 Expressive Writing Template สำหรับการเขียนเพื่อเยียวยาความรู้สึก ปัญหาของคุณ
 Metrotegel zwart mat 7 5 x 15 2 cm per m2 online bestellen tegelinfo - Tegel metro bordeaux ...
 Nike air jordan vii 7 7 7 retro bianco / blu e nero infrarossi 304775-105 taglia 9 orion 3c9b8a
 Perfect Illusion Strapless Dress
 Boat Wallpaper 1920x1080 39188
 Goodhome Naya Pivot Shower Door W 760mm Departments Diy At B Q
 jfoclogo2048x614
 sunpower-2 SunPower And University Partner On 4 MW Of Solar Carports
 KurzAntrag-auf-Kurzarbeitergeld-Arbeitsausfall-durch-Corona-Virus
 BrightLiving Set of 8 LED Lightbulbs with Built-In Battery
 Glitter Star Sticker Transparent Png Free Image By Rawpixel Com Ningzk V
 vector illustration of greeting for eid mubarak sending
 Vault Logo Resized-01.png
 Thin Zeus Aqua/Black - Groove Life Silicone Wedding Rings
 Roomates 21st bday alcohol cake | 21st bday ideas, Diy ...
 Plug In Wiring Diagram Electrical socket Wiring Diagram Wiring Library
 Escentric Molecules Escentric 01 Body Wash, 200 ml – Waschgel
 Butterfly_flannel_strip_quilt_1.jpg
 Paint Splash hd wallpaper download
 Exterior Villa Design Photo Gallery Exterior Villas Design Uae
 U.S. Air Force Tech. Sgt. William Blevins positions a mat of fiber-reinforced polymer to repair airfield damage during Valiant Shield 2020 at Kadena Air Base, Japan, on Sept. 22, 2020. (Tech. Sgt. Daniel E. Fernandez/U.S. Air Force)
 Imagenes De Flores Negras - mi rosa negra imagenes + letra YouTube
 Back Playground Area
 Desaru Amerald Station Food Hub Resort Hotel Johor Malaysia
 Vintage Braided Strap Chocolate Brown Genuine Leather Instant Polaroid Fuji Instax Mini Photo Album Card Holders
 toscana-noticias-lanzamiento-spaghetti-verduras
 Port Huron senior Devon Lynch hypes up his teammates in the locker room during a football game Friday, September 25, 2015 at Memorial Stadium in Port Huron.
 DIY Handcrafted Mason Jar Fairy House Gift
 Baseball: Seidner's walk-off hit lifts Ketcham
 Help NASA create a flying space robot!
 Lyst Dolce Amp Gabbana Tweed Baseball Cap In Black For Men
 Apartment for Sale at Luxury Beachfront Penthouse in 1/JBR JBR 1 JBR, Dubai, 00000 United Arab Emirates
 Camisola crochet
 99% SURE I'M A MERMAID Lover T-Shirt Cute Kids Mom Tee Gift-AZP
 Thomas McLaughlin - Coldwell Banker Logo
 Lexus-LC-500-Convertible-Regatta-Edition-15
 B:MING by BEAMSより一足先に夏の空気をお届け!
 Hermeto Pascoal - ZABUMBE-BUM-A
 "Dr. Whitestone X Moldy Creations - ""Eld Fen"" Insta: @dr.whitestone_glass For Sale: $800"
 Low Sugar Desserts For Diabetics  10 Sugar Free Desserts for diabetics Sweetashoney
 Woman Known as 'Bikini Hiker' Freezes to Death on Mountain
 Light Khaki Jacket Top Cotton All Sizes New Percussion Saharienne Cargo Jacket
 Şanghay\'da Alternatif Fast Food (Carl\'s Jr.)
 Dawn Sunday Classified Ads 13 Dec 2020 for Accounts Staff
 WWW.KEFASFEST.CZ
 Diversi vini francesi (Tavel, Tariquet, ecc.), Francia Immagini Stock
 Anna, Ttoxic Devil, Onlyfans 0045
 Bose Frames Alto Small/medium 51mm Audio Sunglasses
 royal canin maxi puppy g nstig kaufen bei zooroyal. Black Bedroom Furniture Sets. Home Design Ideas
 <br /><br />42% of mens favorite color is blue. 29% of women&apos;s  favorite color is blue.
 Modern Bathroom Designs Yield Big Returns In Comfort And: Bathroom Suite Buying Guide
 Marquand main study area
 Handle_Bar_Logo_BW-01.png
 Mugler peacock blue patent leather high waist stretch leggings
=-=-=-=-=
▸ **Task requirements**
Return each line of the listing that holds the word "blue".

▸ **Answer to this problem**
 <br /><br />42% of mens favorite color is blue. 29% of women&apos;s  favorite color is blue.
 Mugler peacock blue patent leather high waist stretch leggings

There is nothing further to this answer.